**INSTRUCTIONS TO FOLLOW**
The task calls for the line containing "気軽に飯と酒を...神奈川県" and all later lines, through the end of the entries below, to be set down exactly and without pictures.

**PROVIDED RECORDS**

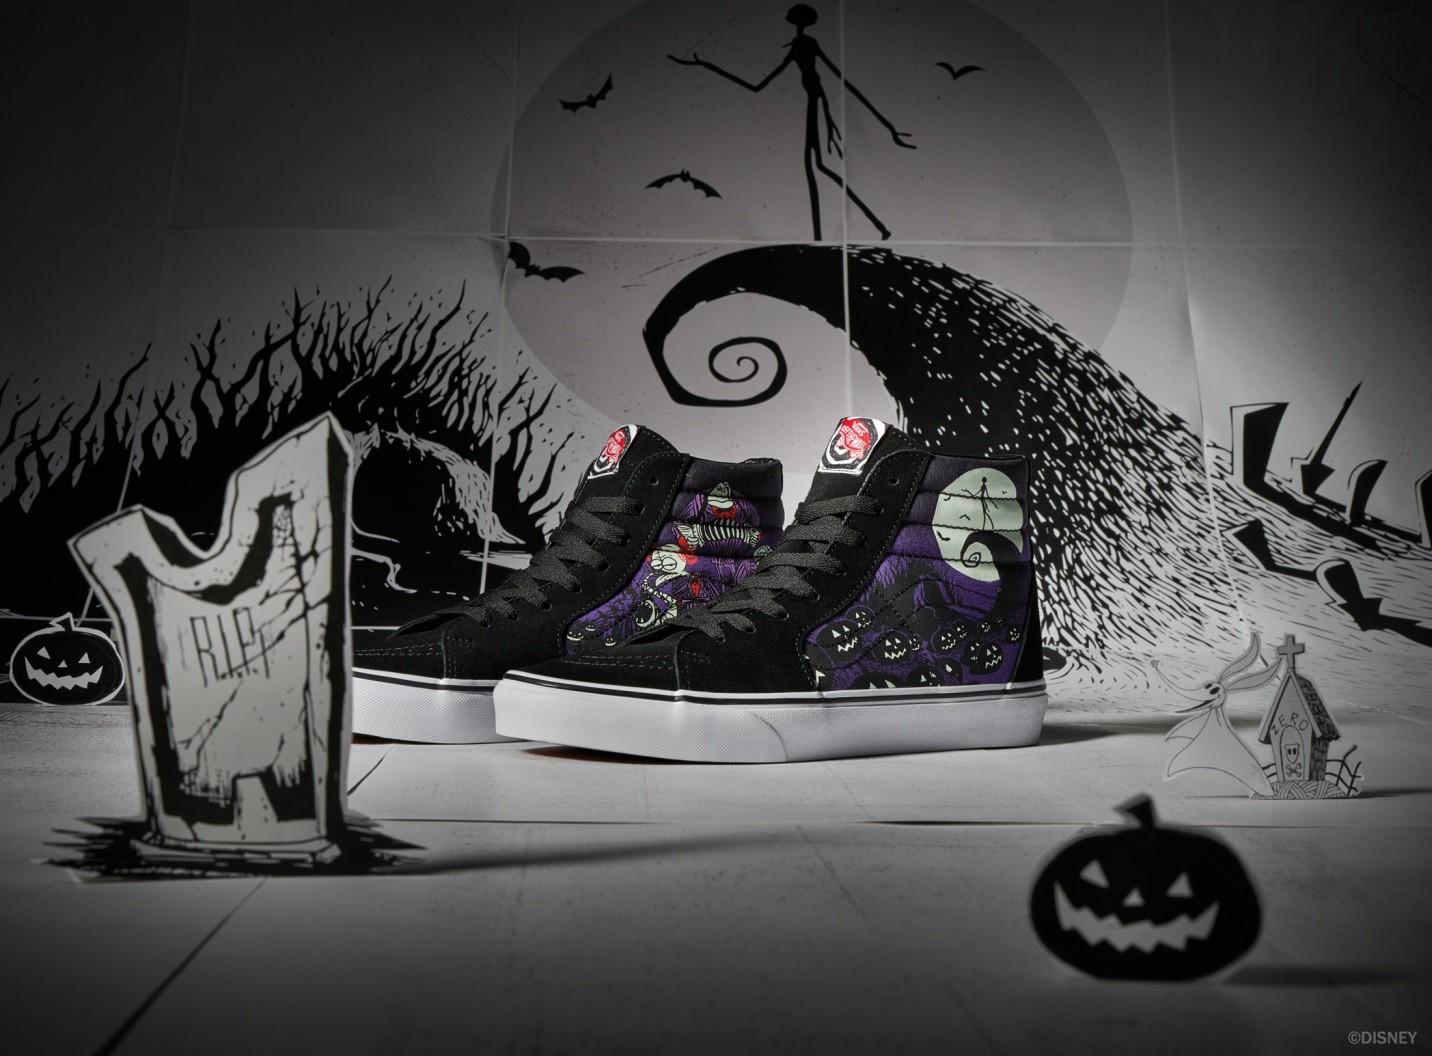 """Thiên hạ """"rần rần"""" đón Halloween với bộ sưu tập Vans X The Nightmare Before Christmas - Ảnh 2."""
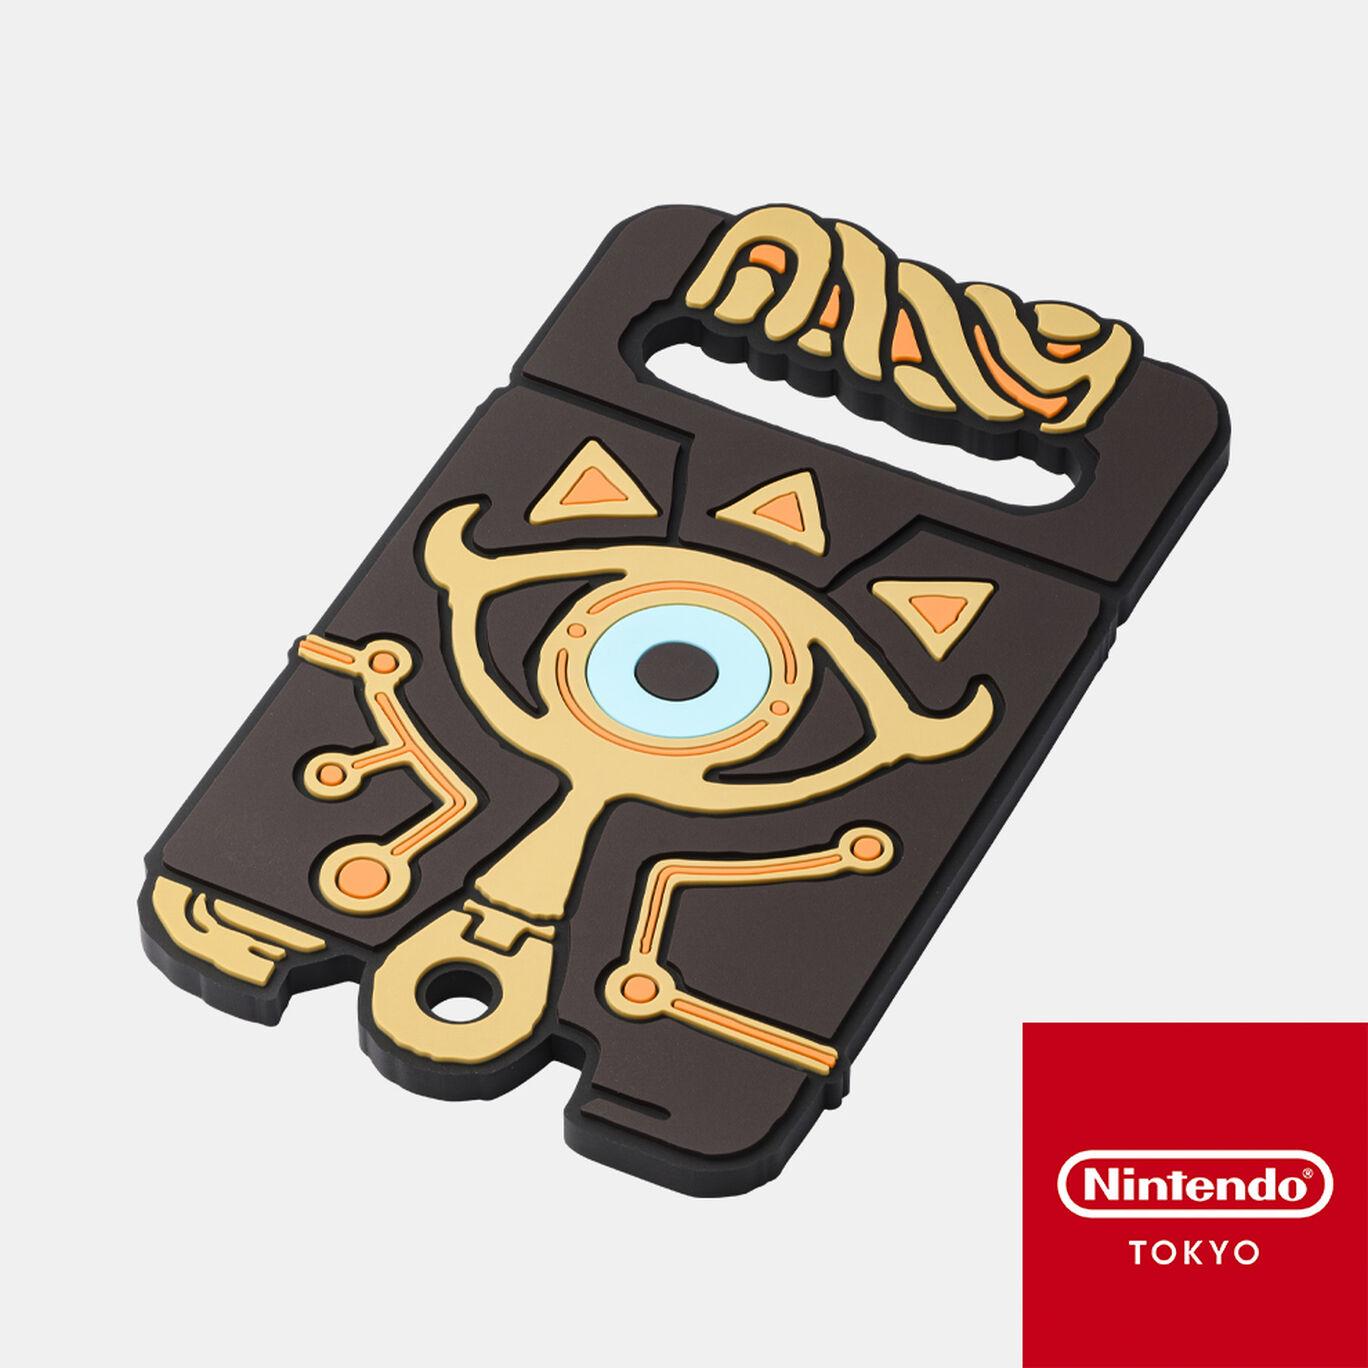 ラバーコースター ゼルダの伝説 D【Nintendo TOKYO取り扱い商品】
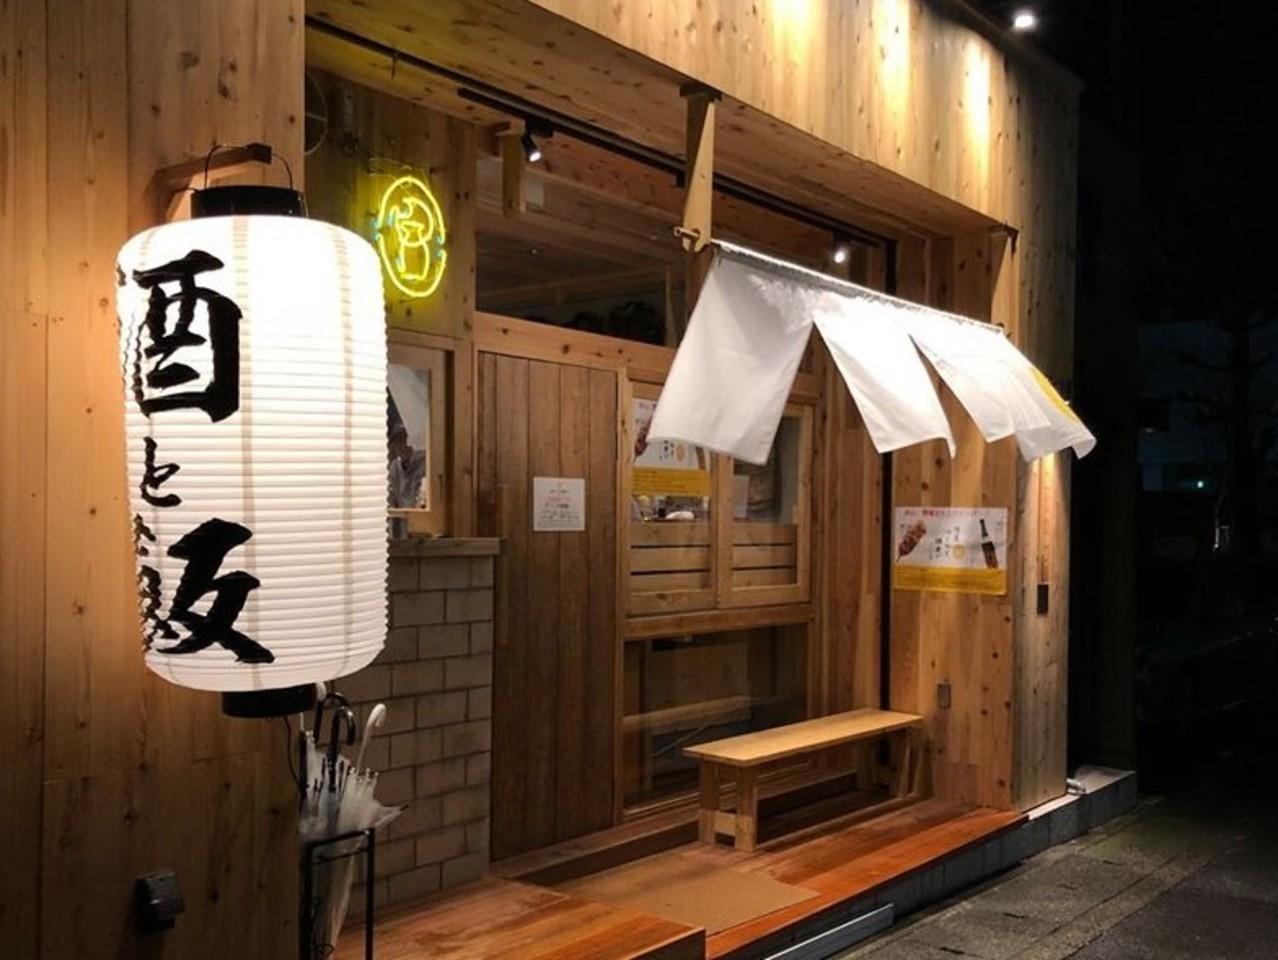 気軽に飯と酒を...神奈川県鎌倉市小町2丁目に「月見つくねを鎌倉で」本日グランドオープン
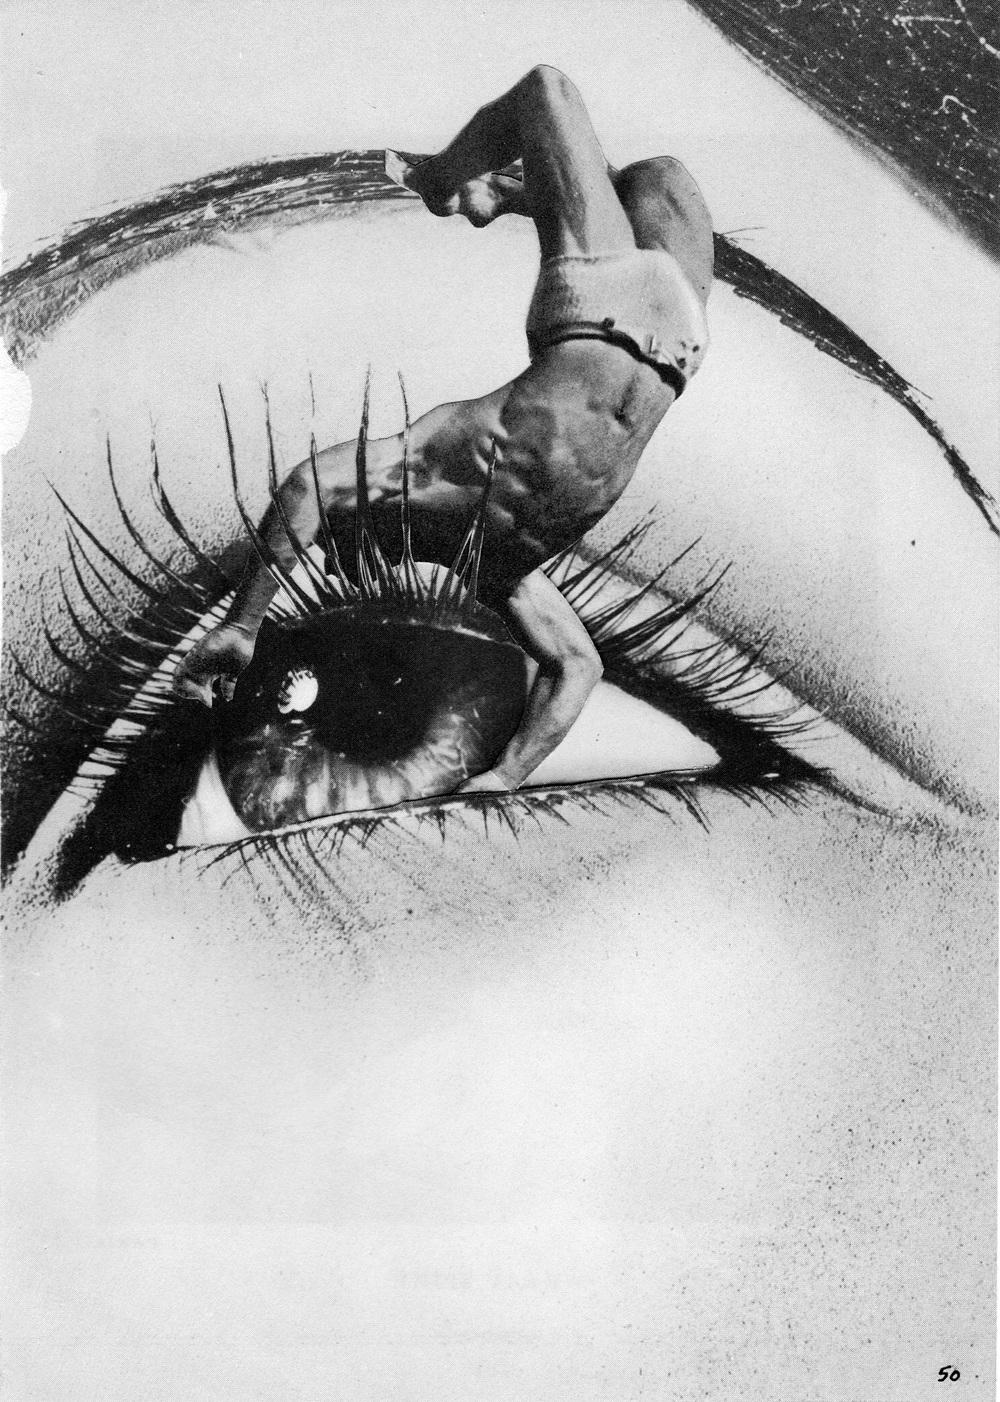 eye-spy.jpg
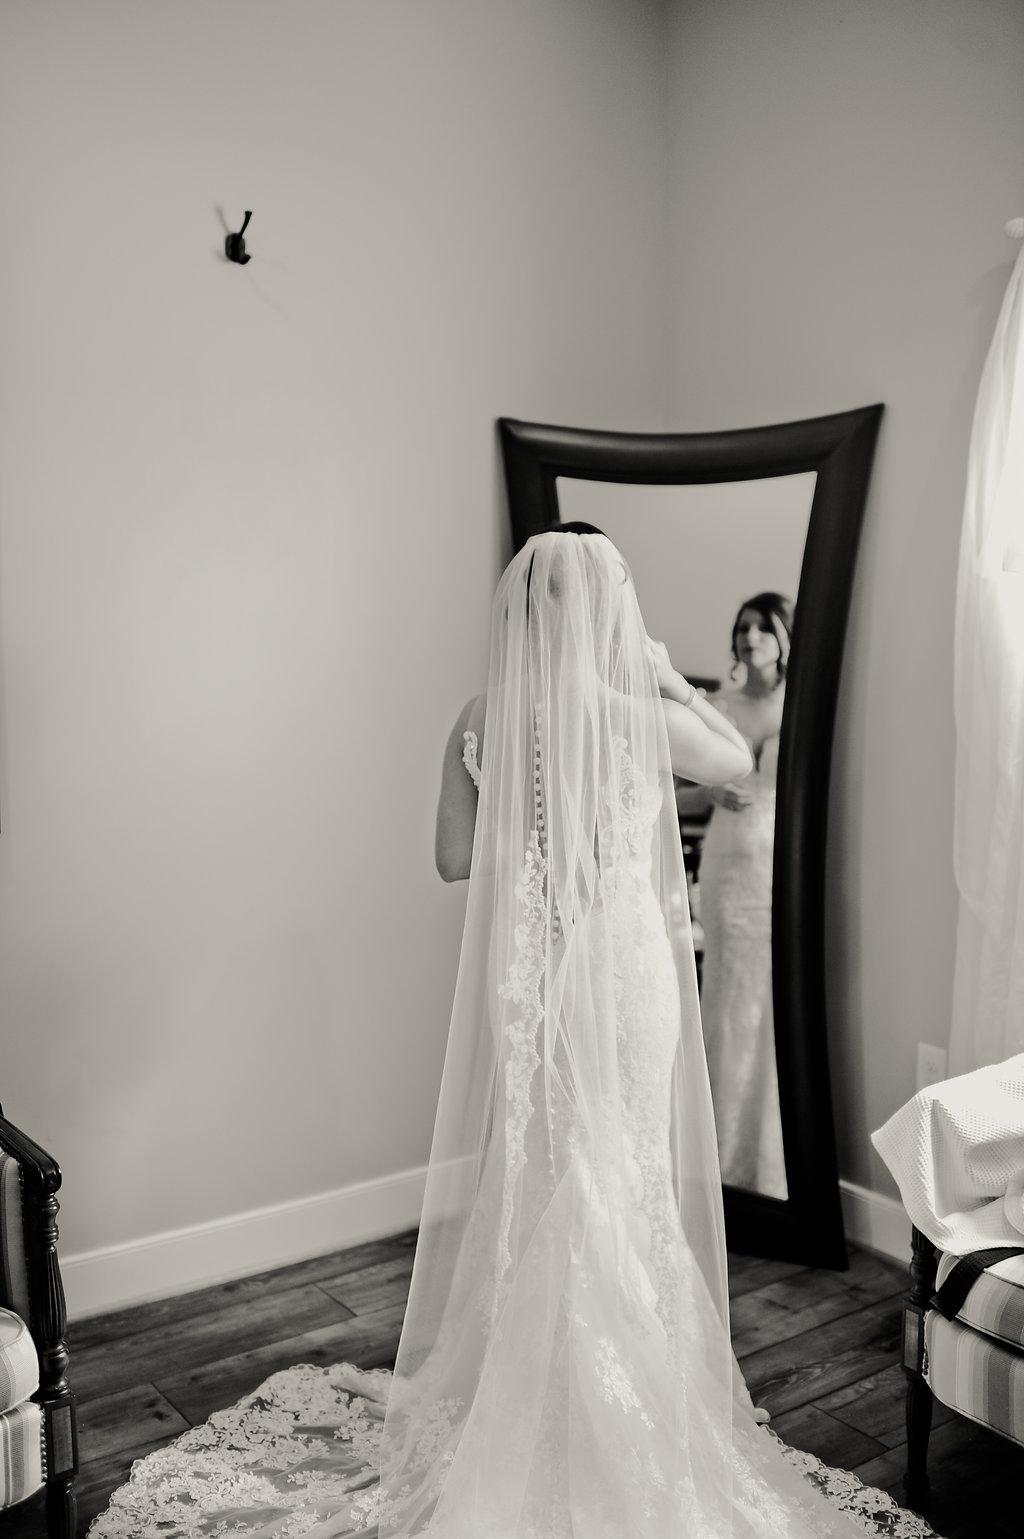 RichardsonWedding04.01.17-115 April Renee Photography
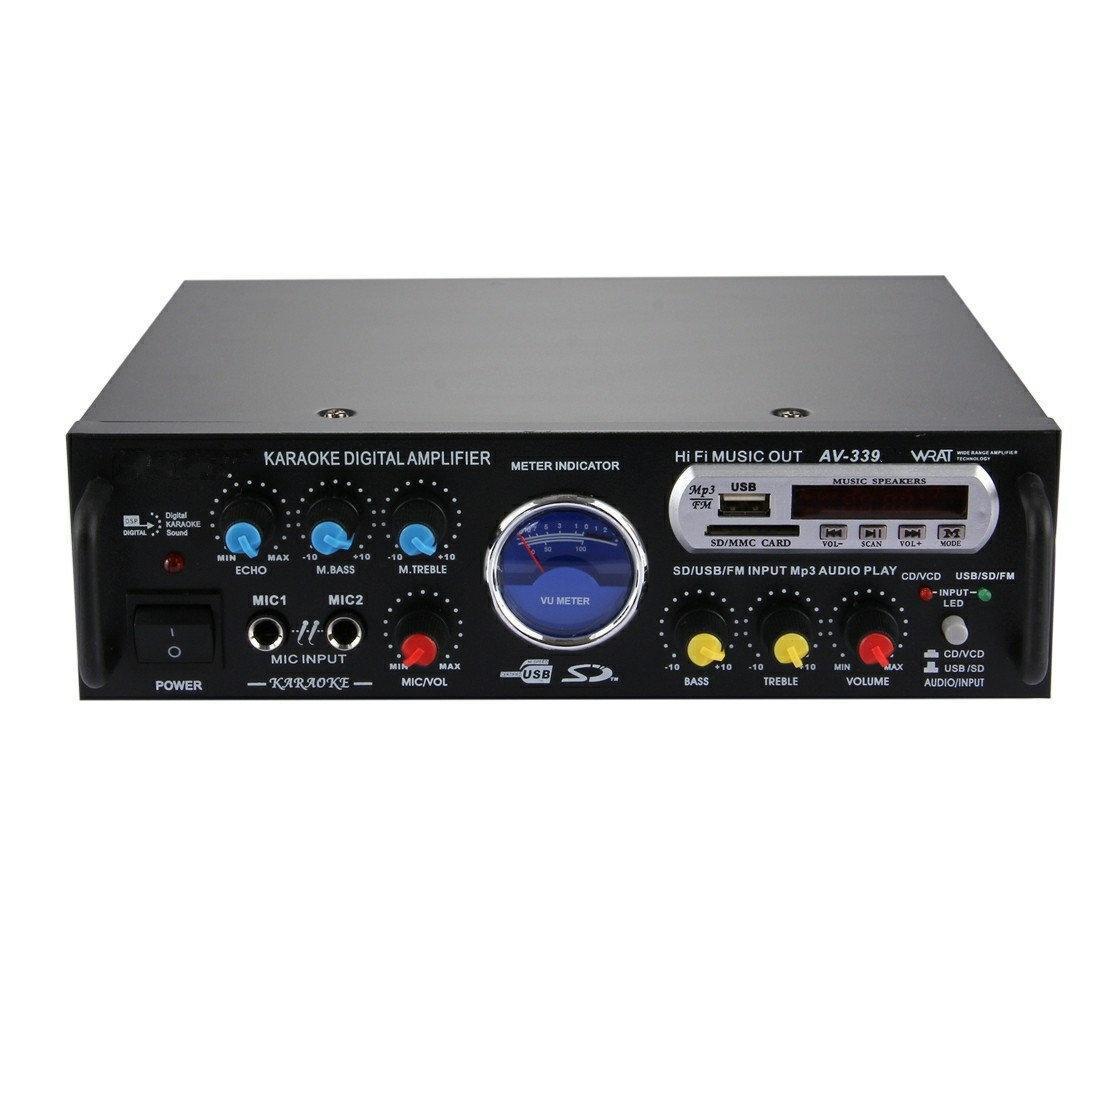 Купить Усилители звука, Усилитель мощности звука UKC AV-339BT 300W + караоке на 2 микрофона

**PROBLEM SOLUTION**
 気軽に飯と酒を...神奈川県鎌倉市小町2丁目に「月見つくねを鎌倉で」本日グランドオープン
 eye-spy.jpg
 RichardsonWedding04.01.17-115 April Renee Photography
 Купить Усилители звука, Усилитель мощности звука UKC AV-339BT 300W + караоке на 2 микрофона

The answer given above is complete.